Ковбой успевает увидеть отблеск колокольчика, прилаженного к стволу кольта «Миротворец».
Успевает подумать: глупо.
Успевает подумать: ещё посмотрим!
И взводит курок.
Фотоуслуги
Началось с того, что почтмейстер Амос Генри попросил Неда Шиппи выкопать с кладбища труп своей жены.
Дело было в октябре 18** года в заштатном городе N, и хотел бы я сказать, что сам придумал эту историю, но нет, она случилась на самом деле.
Той осенью я застрял в N с опустевшими карманами в ожидании письма от «Макмануса и сыновей». Мне должны были прислать гонорар за «Мясорубку в Делавере» – дрянную почеркушку, изготовленную на том типе вдохновения, которое рано или поздно посещает любого автора, если его достаточно долго не кормить.
Каждое утро я приходил на почту, и тот самый Амос Генри, перебирая телеграфную ленту, равнодушно отвечал, что корреспонденции на моё имя не поступало.
Кроме почты, идти мне было некуда. Я разворачивался и шёл бродить по главной улице, которая заканчивалась живописным видом на прерию – на воплощённое, абсолютное, чудовищное ничто. Я был там как в ловушке. Впрочем, я бы слукавил, если бы сказал, что эти писательские мытарства не казались мне романтичными.
По-настоящему меня расстраивало одно – не было дельной идеи для рассказа. Мой блокнот пополнялся не набросками сюжетов, а только перечнем трат и кредиторов. Сверхидея этого произведения была простая: если так пойдёт и дальше, я окончу на паперти.
И вот, будто откликнувшись на невысказанную просьбу, жизнь разыграла передо мной и целым городом весьма занятный сюжет.
***
Почтмейстер Амос Генри, о котором пойдёт речь, был человек удивительный. Он считался заметной фигурой в обществе города N, но если в иных людях нас привлекают яркая внешность, манера держаться или какие-нибудь экстравагантные привычки, то мистер Генри обращал на себя внимание полным отсутствием чего-то подобного.
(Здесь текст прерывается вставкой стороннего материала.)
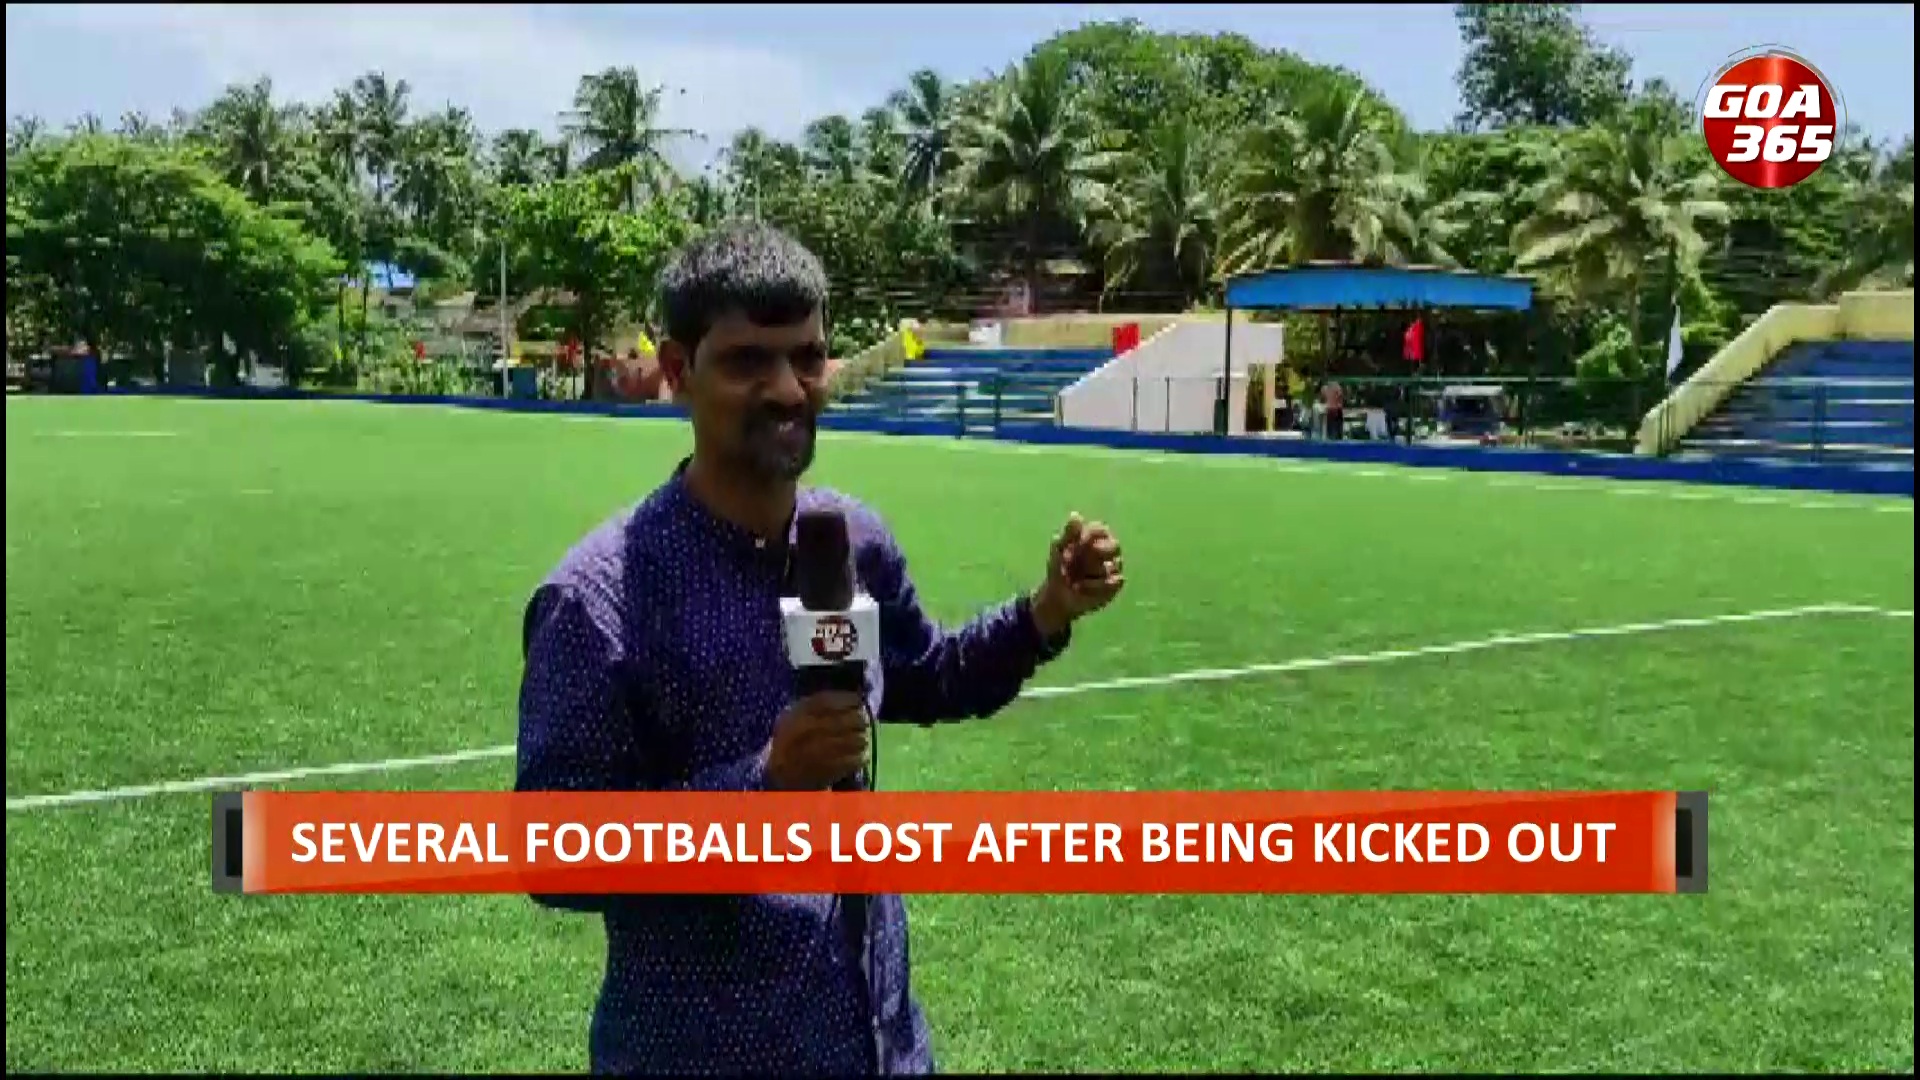 what is the logic of a top-quality football pitch with no facilities || ENGLISH || GOA365

Это был самый заурядный конторский работник даже по меркам своего невыразительного племени.
Казалось, он родился за письменным столом, там же рос, мужал и развивался. Его рост был оптимален для удобной посадки, позвоночник удерживал спину под строгим углом в сорок пять градусов, размах руки точно совпадал с диаметром столешницы, а пятерня оформилась лишь постольку, поскольку требовалось чем-то держать перо и давить на пресс-бювар.
Его никогда не видели за книгой или хоть газетой, он не ходил в театр, не пил и не курил, ел быстро и без разбора что положат. Он был спокоен и безразличен ко всему. Стоило ему появиться, всем тут же становилось неловко, как если бы в комнату, гремя звонками и реле, вошёл телеграфный аппарат.
Тем удивительнее было наблюдать его в компании жены. Нет, миссис Генри была не певицей в кабаре и не охотницей за головами – что, безусловно, усилило бы художественный эффект, – а всего лишь школьной учительницей. Зато она, в отличие от мужа, выглядела и определённо являлась живым человеком.
Это была по-домашнему уютная женщина лет сорока, добросердечная и улыбчивая. С бесконечным терпением она возилась с городскими детишками, обучая их чистописанию и счёту, а в остальное время помогала в церкви, вязала у себя на крыльце или прогуливалась по главной улице, кивая мне при каждой встрече и спрашивая, как идут дела с рассказами; я всякий раз отвечал: «Превосходно!». В городе гадали, чем же мистер Генри шантажирует эту милую женщину, чтобы та несла столь обременительную ношу быть его супругой.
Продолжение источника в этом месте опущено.